> [WORK REQUIRED]: The data that follows is to be copied exactly, with each image removed.

> [DATA SHOWN]:
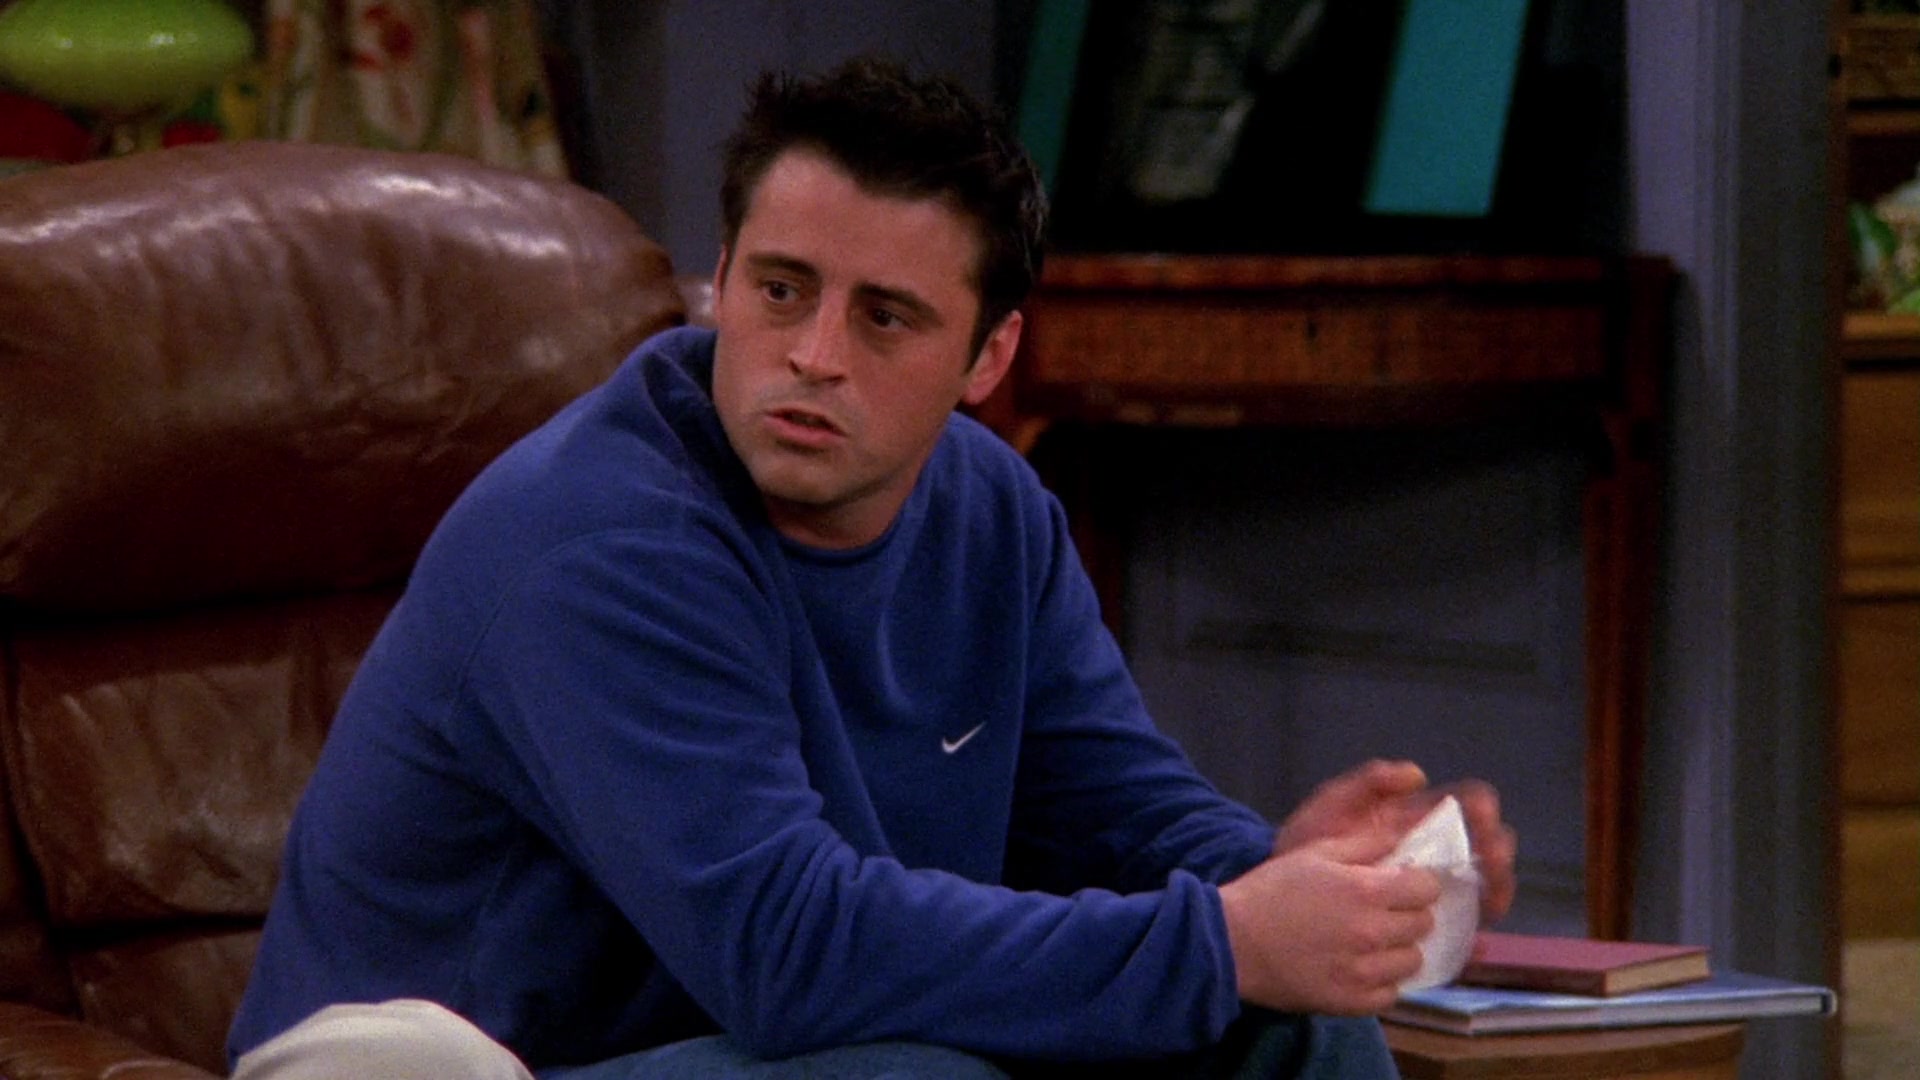 Nike Blue Sweatshirt Worn By Matt LeBlanc (Joey Tribbiani) In Friends ...
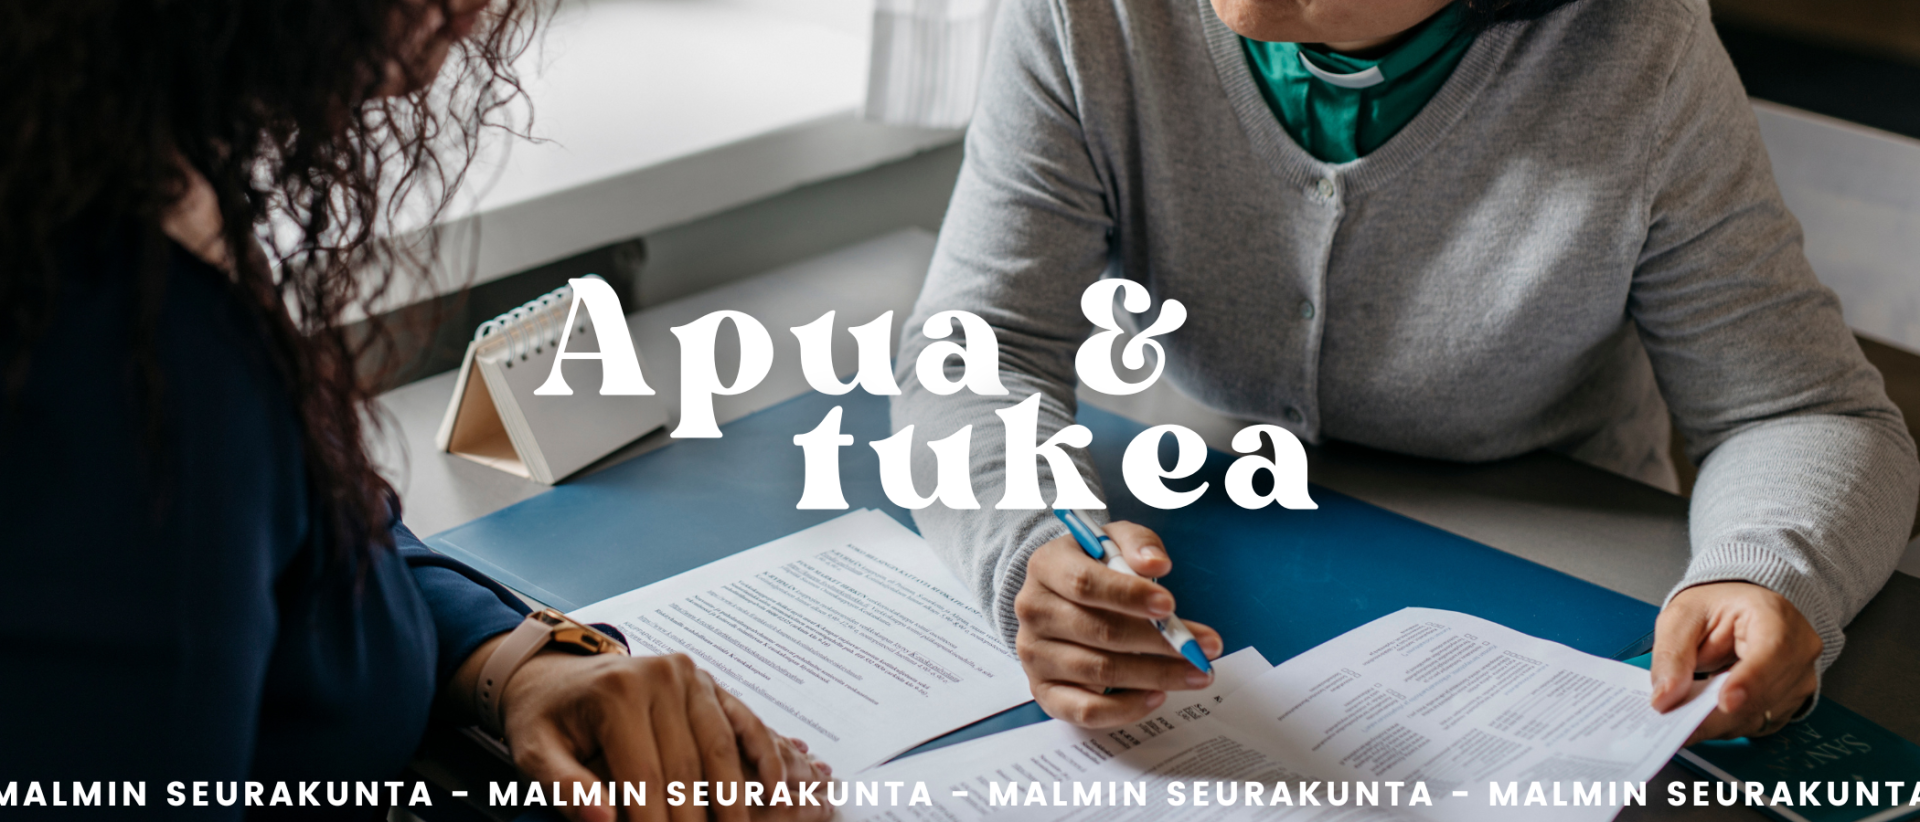 Apua ja tukea Malmin seurakunta, kuvassa kaksi ihmistä työpöydän molemmin puolin, täytetään papereita
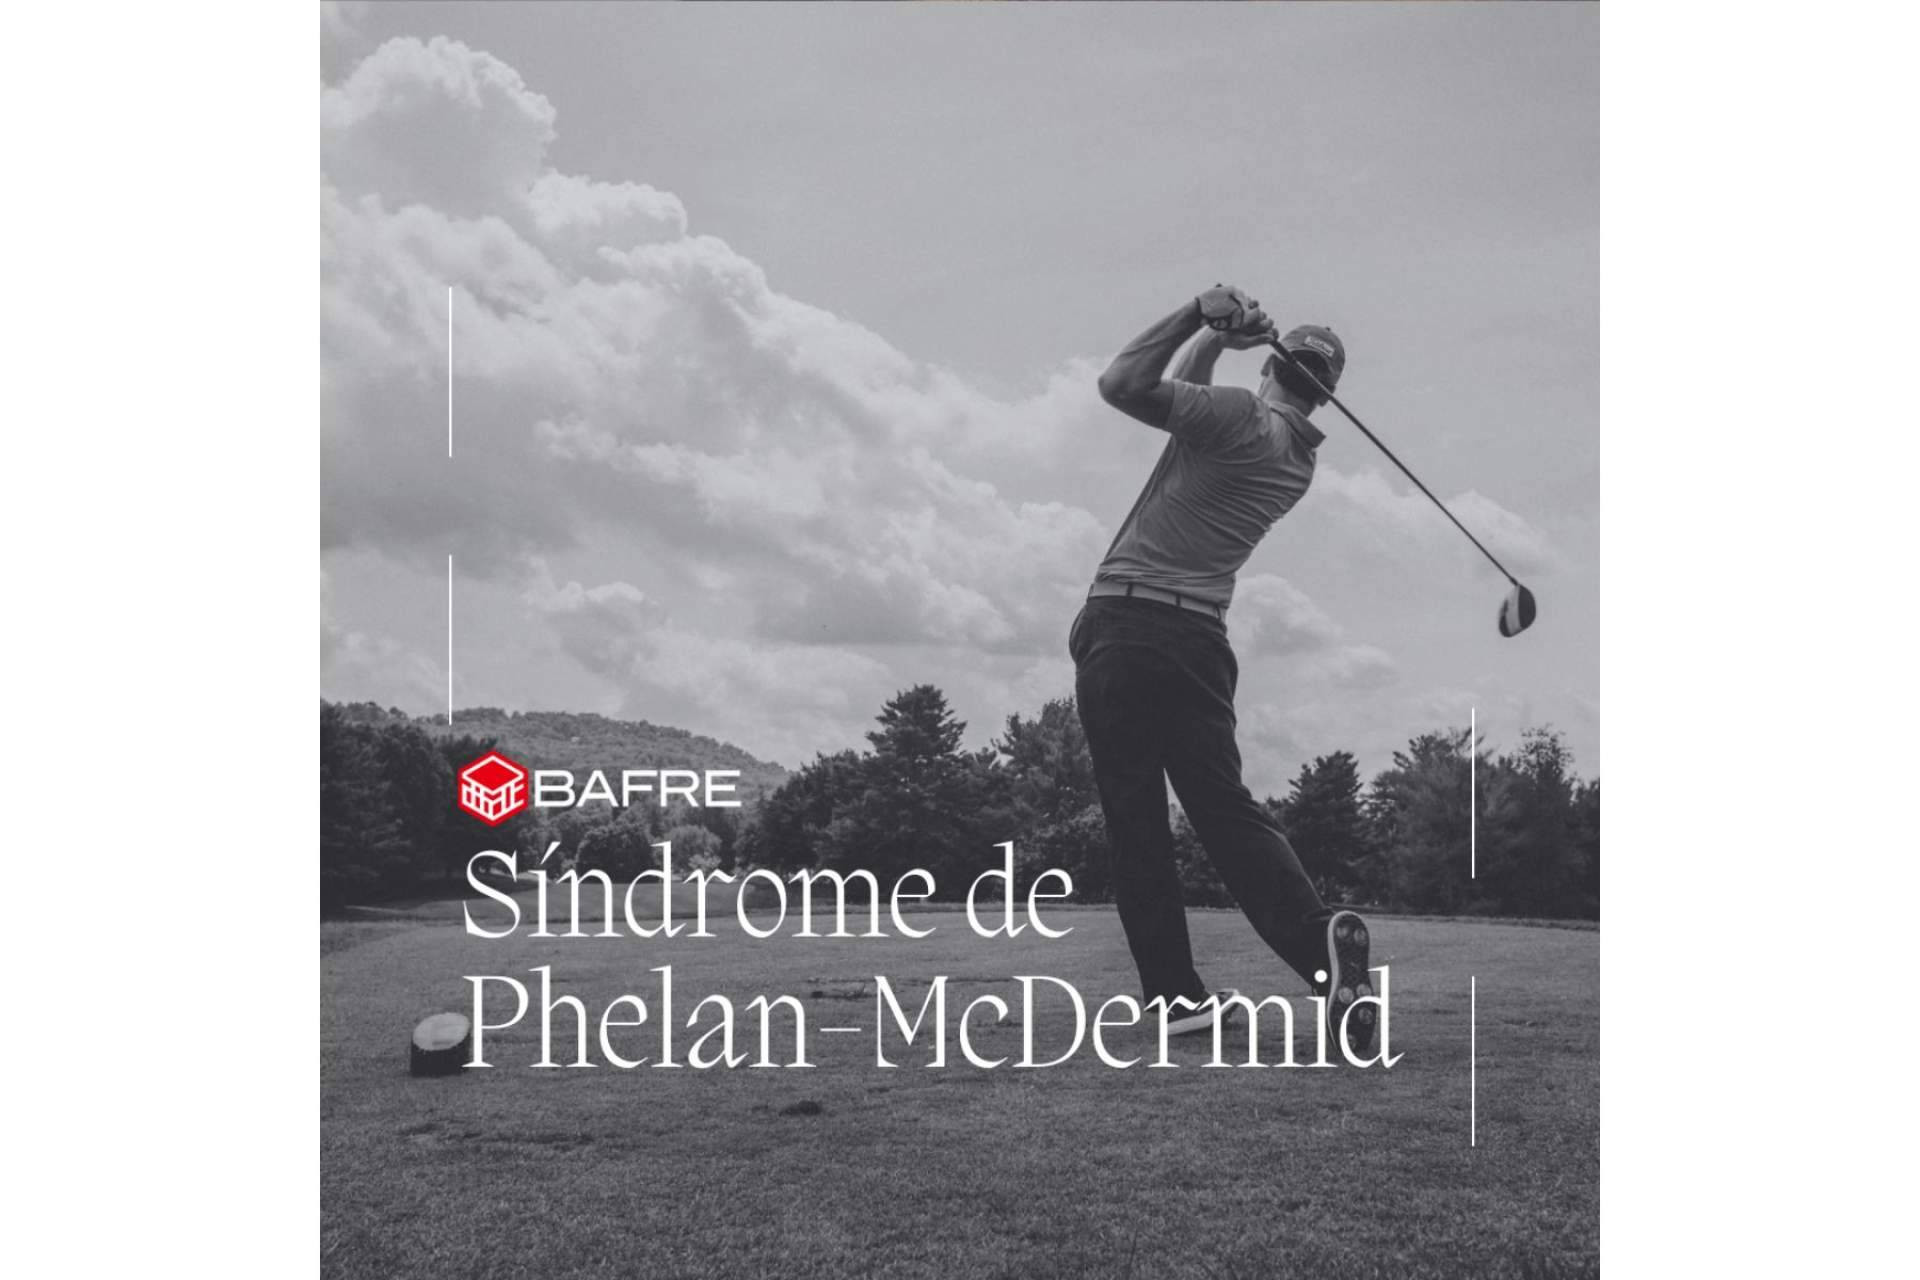  La colaboración de Bafre Inmobiliaria en el campeonato de golf solidario de la Asociación Síndrome Phelan-McDermid

> [OUTPUT OF THE EXERCISE]:
 Nike Blue Sweatshirt Worn By Matt LeBlanc (Joey Tribbiani) In Friends ...
 Apua ja tukea Malmin seurakunta, kuvassa kaksi ihmistä työpöydän molemmin puolin, täytetään papereita
  La colaboración de Bafre Inmobiliaria en el campeonato de golf solidario de la Asociación Síndrome Phelan-McDermid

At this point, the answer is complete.